Experiment method for blood absorption capacity of various pads: (A) pad blood absorption capacity test; (B) blood wetted area test on the pad; and (C) measurement of blood wetted area on the pad.
Results
Characteristics of the absorbing materials
The XRD diffractogram, along with the bulk appearances of the zeolite and SAP used as the absorbing material, are presented in Figure 3A. The diffractogram appears with amorphous patterns, suggesting the presence of impurities in zeolite. Nonetheless, crystalline peaks were clear in SAP, which was assigned to the presence of sodium polyacrylate salt (the main component of SAP). Further, based on BET, the adsorption of nitrogen onto the zeolite revealed its surface area to be 19.79 m2/g. As for the BJH-based pore distribution, the results are presented in Table 2.The pore size ranged from 20–1.8 nm. The adsorption and desorption patterns of the nitrogen are presented in Figure 3B.
Figure 3.
XRD diffractograms and photographed images of zeolite and super absorbent polymer (A). Hysteresis of gas adsorption-desorption of the zeolite (B).
Table 2.
Pore distribution of the zeolite based on Barret-Joyner-Halenda (BJH) isotherm
| Adsorption | Desorption | ||
|---|---|---|---|
| Pore diameter range (nm) | Average diameter (nm) | Pore diameter range (nm) | Average diameter (nm) |
| 170.3–19.5 | 21.10 | 170.2–19.5 | 21.16 |
| 19.5–10.6 | 12.49 | 19.5–10.3 | 12.12 |
| 10.6–7.0 | 8.00 | 10.3–7.0 | 8.00 |
| 7.0–5.2 | 5.80 | 7.0–5.1 | 5.70 |
| 5.2–4.1 | 4.46 | 5.1–3.8 | 4.25 |
| 4.1–3.2 | 3.54 | 3.8–3.1 | 3.39 |
| 3.2–2.6 | 2.85 | ||
| 2.6–2.1 | 2.32 | ||
| 2.1–1.6 | 1.80 | ||
Absorption and diffusion rate
The absorption rate of postpartum blood into the pad and wetted pad area is presented in Table 3. The commercial pads had absorption and wetted area rates of 9.9–14.7 mL/min and 58.70±1.5–162.0±5.3 cm2, respectively.
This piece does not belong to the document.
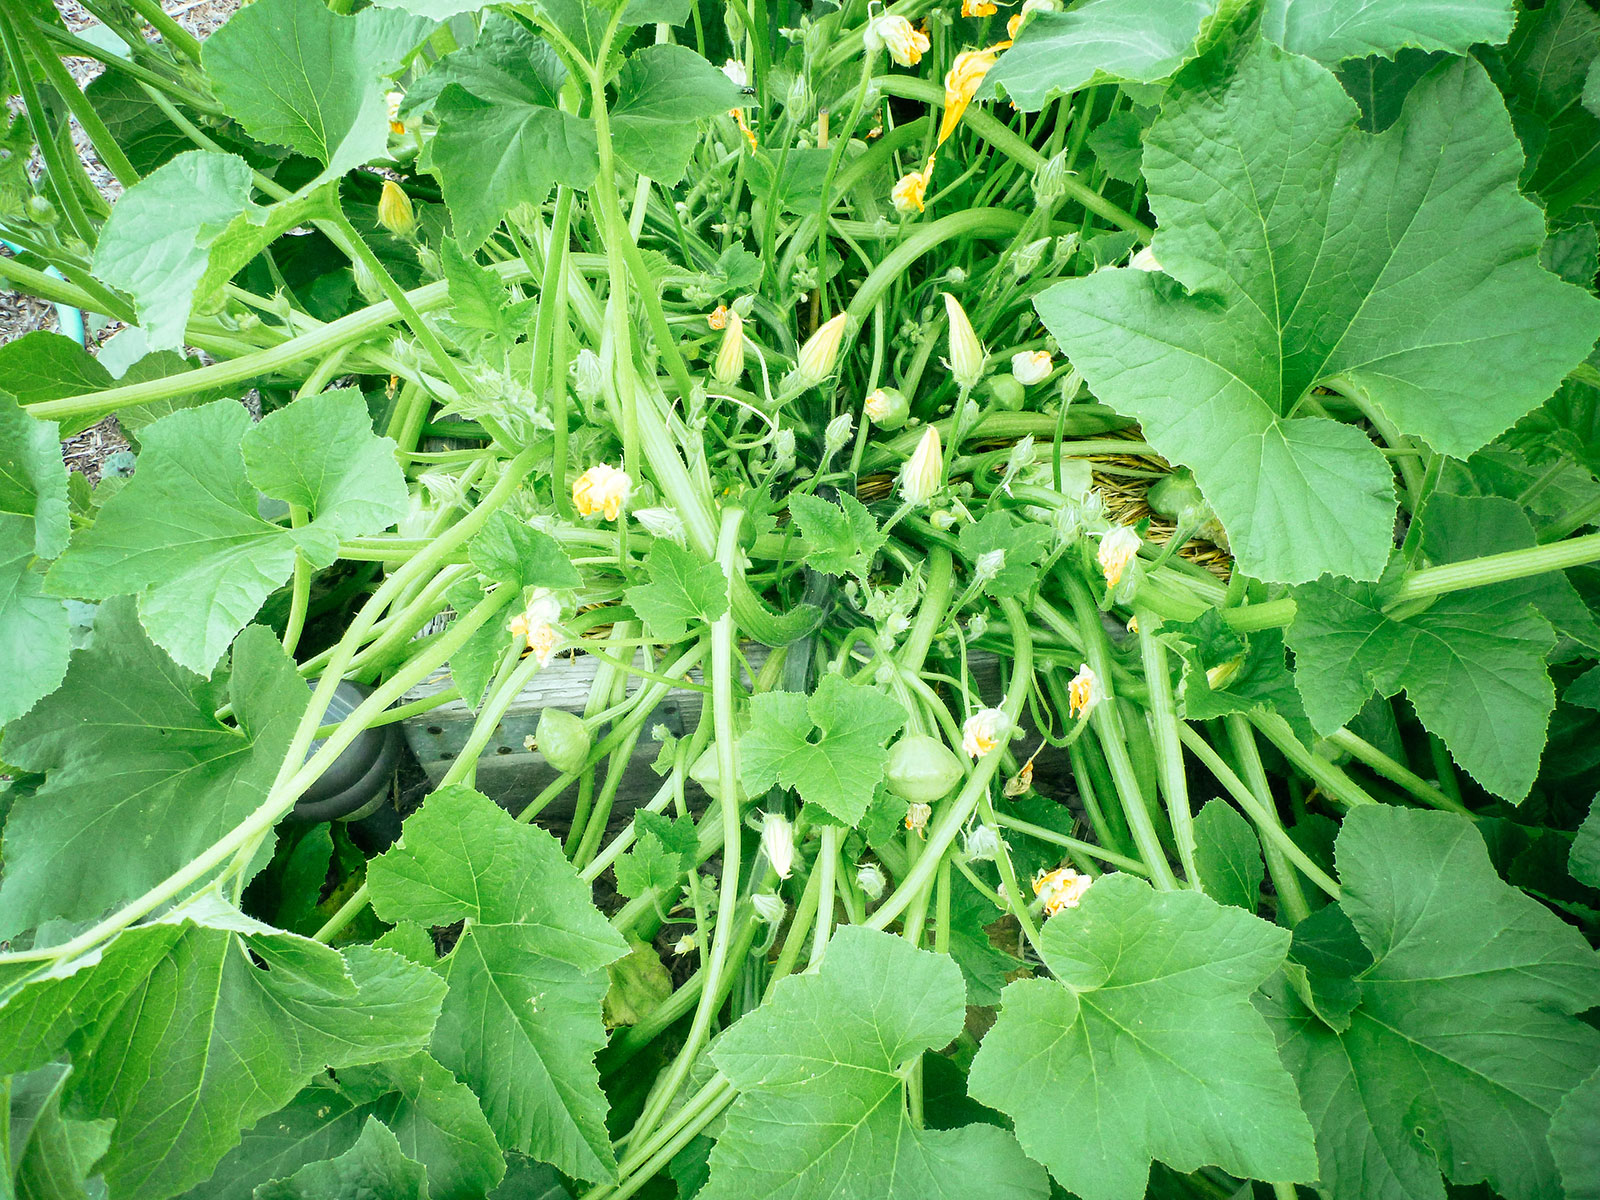 Squash plant laden with male and female flowers

Faster absorptions were observed in newly fabricated pads with SAP, zeolite, or their combination. Larger blood-wetted areas were also larger in newly fabricated pads than in commercial ones. The combination of zeolite and SAP yielded the best performance with blood absorption and wetted area of 25.8±3.3 mL/min and 317.67±11.24 cm2, respectively.
Table 3.
Mean blood absorption rate and mean area of pad wetted with labor blood
| Sample | Blood absorption, mean±SD (mL/min) |
Area of the blood-wetted pad, mean±SD (cm2) |
|---|---|---|
| S1 | 14.7±0.7 | 162.0±5.3 |
| S2 | 11.2±0.8 | 142.3±4.0 |
| S3 | 13.9±0.1 | 58.70±1.5 |
| S4 | 9.9±0.9 | 135.7±5.5 |
| SAP+cellulose rayon | 17.4±0.2 | 198.3±8.5 |
| Zeolite+cellulose rayon | 18.3±0.3 | 218.6±7.7 |
| SAP+zeolite+cellulose rayon | 25.8±3.3 | 317.6±11.2 |
SAP: super absorbent polymer
Blood absorption capacity
The commercial pad (S1) was found to be unable to retain 150 mL postpartum blood, as indicated by the inundation at border 3 (Table 4). As for the newly fabricated pad, the inundation only reached border 1 even when the blood volume was 350 mL. Inundation at border 3 was only observed after the blood volume increased to 600 mL.
Table 4.
The blood absorption capacity of the newly designed pad and indicator threads
| Blood volume (mL) | Blood absorption (mL/min) | Blood inundation | ||
|---|---|---|---|---|
| Border 1 | Border 2 | Border 3 | ||
| S1* | ||||
| 150 | 56.18 | Yes | Yes | Yes |
| 250 | NA | NA | NA | NA |
| 350 | NA | NA | NA | NA |
| 500 | NA | NA | NA | NA |
| 600 | NA | NA | NA | NA |
| SAP+zeolite+cellulose rayon | ||||
| 150 | 55.56 | Yes | No | No |
| 250 | 74.63 | Yes | No | No |
| 350 | 97.76 | Yes | No | No |
| 500 | 96.15 | Yes | Yes | No |
| 600 | 85.84 | Yes | Yes | Yes |
NA: not applicable; SAP: super absorbent polymer
Having the highest absorption rates and largest dispersion among commercial pads
Discussion
In our study, the zeolite-based pad has been successfully prepared and tested for its potential as an early indicator of PPH. The zeolite was revealed to consist of SiO2 and other metal oxides such as Al2O3, CaO, K2O Fe2O3 MgO, Na2O, and TiO2. The composition profile of the natural zeolite was in line with that reported previously [15]. The presence of these metal oxides determines the ability of the zeolite to absorb various substances, including the whole blood [10-13]. The findings from surface area analysis in the present study also suggest that the natural zeolite had a fairly good adsorption capacity. The gap area between the desorption and adsorption curves indicates the gas absorption capacity [16,17]. Similar to those reported previously, zeolite-based materials tend to possess such gas adsorption-desorption profiles [18-20].
We found that the zeolite-based pads were found to have faster absorption rates as well as larger blood-covered areas, where the combination of zeolite and SAP had the most optimum values. These findings suggest that the newly fabricated pads were effective in absorbing postpartum blood that was well-dispersed on the pad surface. In terms of the absorption capacity, the inundation was only observed when the volume of the blood loss reached 600 mL. A total blood loss volume of 600 mL indicates a life-threatening condition. These characteristics exhibit the potential of the new pad as the early indicator for PPH.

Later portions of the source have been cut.